If you look at the specs for this Allez Sprint, it shows the bottom bracket as "praxis 6806 bearings". 

What does this mean, that it's using a BB30 but with the praxis bearings? 

https://www.specializedconceptstore.co.uk/product/11609/2018-allez-sprint-comp/


----------



## gbb (22 Nov 2017)

While I've never had a BB30 so don't know about getting into the BB itself, the bearings used will be 6806, an industry standard bearing...in all probability 6806-2RS...ie, with two rubber seals.


----------



## Globalti (22 Nov 2017)

Possibly fitted inside a Praxis Works BB shell, which is a pretty nifty design but needs a couple of special tools to remove and replace. Nothing to worry about, go for it.


----------



## mustang1 (22 Nov 2017)

Thanks. 

I wanted to check it wasnt an adaptor.


----------



## Cycleops (23 Nov 2017)

Praxis say it’s not a conversion.
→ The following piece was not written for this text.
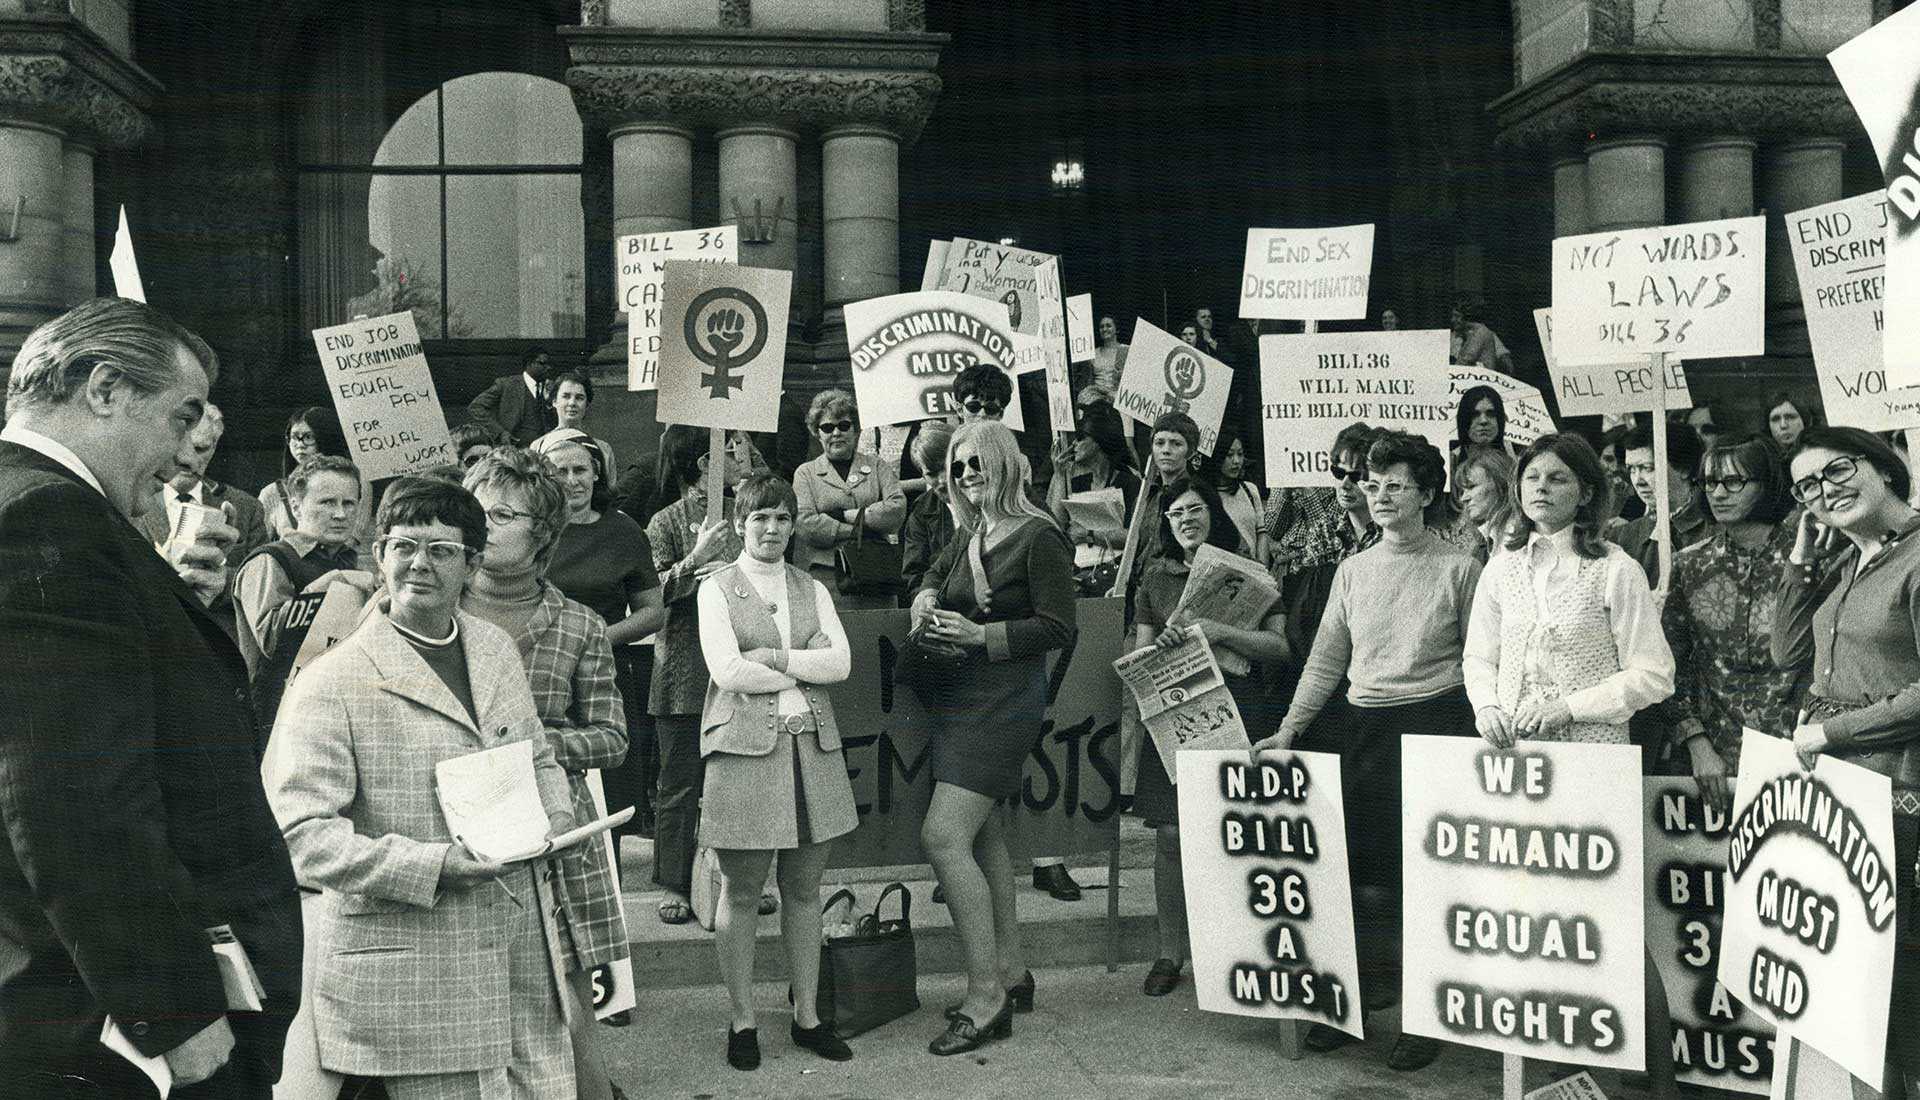 Members of the Voice of Women demonstrated at Queen’s Park in April 1970, asking support for a bill to ensure that women get equal pay for equal work. (Photo: Dick Darrell/Toronto Star via Getty Images)

You can make your own mind up about that.. It’s to enable a BB30 shell to use Shimano hollowtech.
https://praxiscycles.com/conversion-bb/


----------



## Globalti (23 Nov 2017)

It is an adaptor but it's a pretty good system. If it creaks take it out and grease everything.


----------



## mustang1 (23 Nov 2017)

Globalti said:


> It is an adaptor but it's a pretty good system. If it creaks take it out and grease everything.


I'm a bit skeptical: don't they say that about every BB problem.


----------



## Globalti (23 Nov 2017)

No need; I have invested considerable time in solving BB30 creaks and I like the Praxis Works system but it must be installed with lots of grease on the interfaces.

BB30 cranksets installed straight into the bearings can also creak but this requires the use of bearing fit compound, which I have explained in detail several times on CC.


----------